What is a man? Over the last 2 weeks, I’ve been challenged to think more about this. It wasn’t a challenge because the concept of masculinity was previously unknown but because such a clear idea was being undermined. Recently, Gillette released a type of ad that I’ve been seeing more and more of. Rather than featuring a product, the ads center around who the company is rather than what they do. As a men’s razor company, the ad was addressed to all males but it clearly expressed a narrative that Gillette wanted to identify with and would cause controversy — toxic masculinity. Within 2 minutes I was treated to ‘manly’ behaviors from cat calls and mansplaining (someone still has to explain what this is to me) to kids wrestling and dads barbecuing. The message was that this isn’t ‘the best men can get.’ Instead, Gillette called on men to hold one another accountable to behaviors that have long been justified as ‘boys being boys.’ This was obviously a good ad right?
While some applauded Gillette and saw it as an encouragement towards male accountability, many more could do little but roll their eyes. ‘There goes another attempt to demonize men.’ As for me, I had 2 initial impressions of the ad. I didn’t have any idea what the ad had to do with their actual product nor did I feel the urge to buy more of it. So it simply seemed a bad ad from a marketing standpoint. But I’m not a marketer nor a critic so writing about this aspect of the ad wasn’t going to help anyone. My second reaction is what I wanted to write about and it was directed towards a deeper problem — the message of the ad. I was concerned because it reflected the confusion around sex and identity that has engulfed so much of the society I live and breathe in. In life there are certain things that you just have to live and let live. Toothpaste squeezed from the top rather than the bottom? You just have to grin and bear it. But the confusion around sex isn’t one of them. Being confused about sex doesn’t just hurt women but the men Gillette claims to help. Not knowing how to relate one’s self as a man or a woman means not knowing how to relate to each other. It means people without differences, unity without diversity and existence without meaning. Categories are how we understand being and male and female have always been a part of it. As a Christian, being unable to understand my design means being unable to relate my self not just to others but to God. So gender confusion hurts people because it doesn’t just affect lifestyles but existence and meaning itself.
The 2 Natures
In the book of Genesis, the first two human beings are created by God in his image. As his image, their responsibility would be of mediating between God and being, ordering the chaos of creation into the paradisical garden of Eden. But the first two human beings disobeyed God by eating from the tree of the knowledge of good and evil. The reward of having their eyes opened is for themselves a curse. One of the curses for Eve the first female, is ‘your desire shall be for your husband and he shall rule over you.’ One result of that curse was the splitting of humanity into 2 natures – good and evil. So while Adam the first male was designed to order creation, the goodness of that order would now be twisted and perverted. The loving order and stability of Adam would now become the iron fisted ruling of a tyrant and it has continued in this way. In me there exists the wise king. Yet behind him lays the dark tyrant. They both look similar and at times it can be hard to tell who’s who. The courage, strength and aggression of our fighting men have often been the turning tide of wars. Yet these very same traits have caused the rape, pillaging and destruction of whole cities.

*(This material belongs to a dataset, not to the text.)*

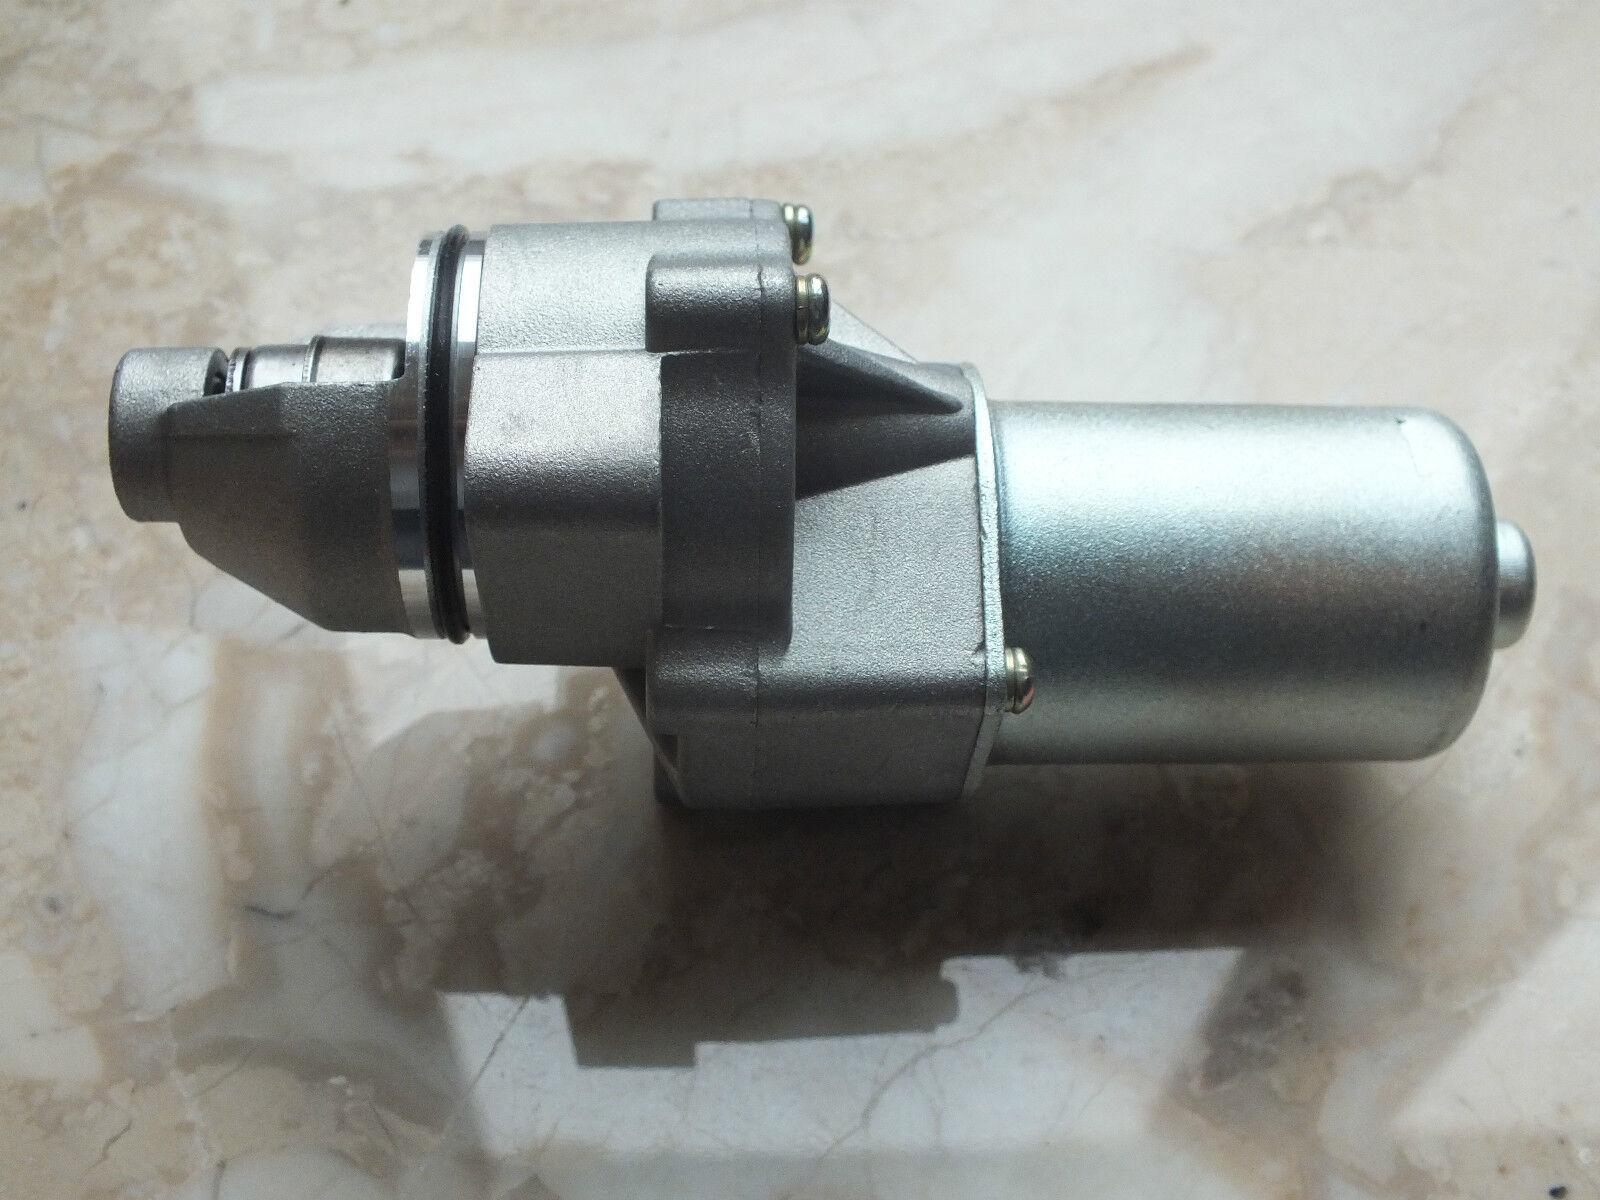 PARAMOTORE motore di avviamento per RADNE Corsair solo dente 200W 14 - 3MG14552J

It seems to me that men are capable of heroic displays of virtue but are at the same time, history’s most destructive force. But I don’t think such a design was accidental. I have often looked up at the night sky to observe the beauty of the stars. But it was only when the sky was darkest that their light shone the brightest. Augustine himself recognized this when he observed that God would often use prosperity to remind us of his goodness and great calamities to remind us of our need. What we needed was something stable and unchanging. It was a reminder that what we needed was God himself. What men need therefore is true masculinity and the very God who restores them to it. I do not think the present threat in our society is excessive masculinity but rather a lack of it. When men protect those under their care the world is a safer place. When men create meaning rather meaninglessness the world is a truer place. And when men live as men the world is a more beautiful place.

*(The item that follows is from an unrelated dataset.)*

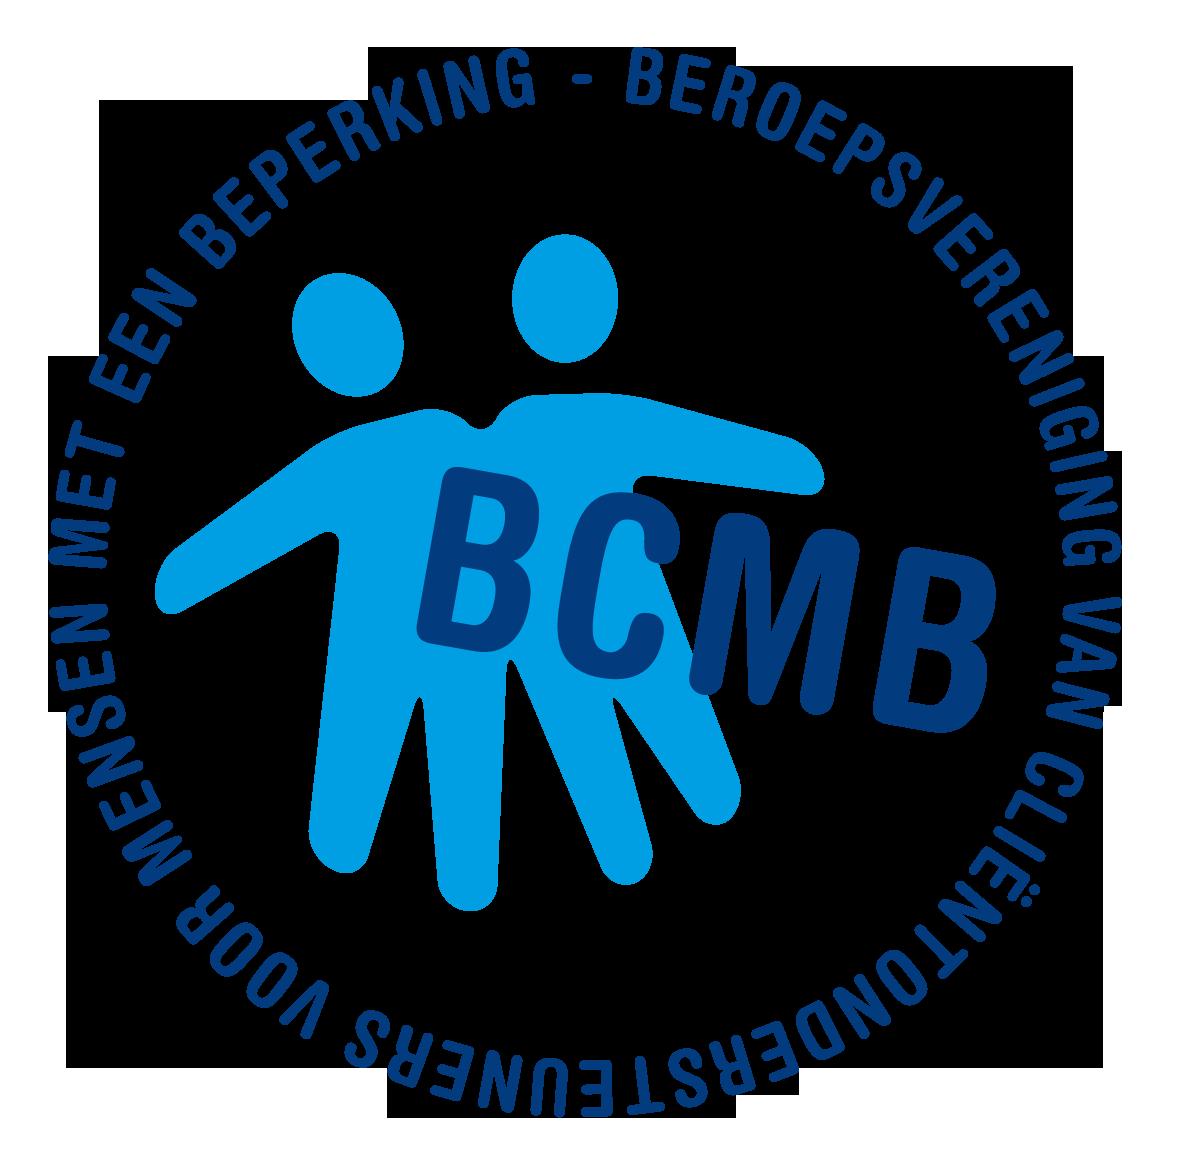 BCMB-LOGO-met-cirkel

With further reflection, I’ve become more sympathetic towards Gillette’s attempt to address this social problem. Let me be clear – I don’t endorse it. But I think it was their way of saying that there were wrong behaviors that males had justified as being intrinsic to who they were. This was badly expressed through the phrase ‘boys will be boys’. When I think about the encouragement to ‘suck it up’ as though stoicism saved anyone, I can see Gillette’s point. But harmful behaviors that are usually expressed by males does not mean that males usually express these behaviors. And I think this is what confused people and caused the controversy. Sexual harassment is no more a product of masculinity than lying is to femininity. Unless Gillette and those under the sway of toxic masculinity understand man’s two natures, they will only be able to address it by eradicating maleness itself. When you realize that men die on the job more than females, that they are the most frequent victims of homicide and that they account for 97% of war casualties, that’s not a great idea.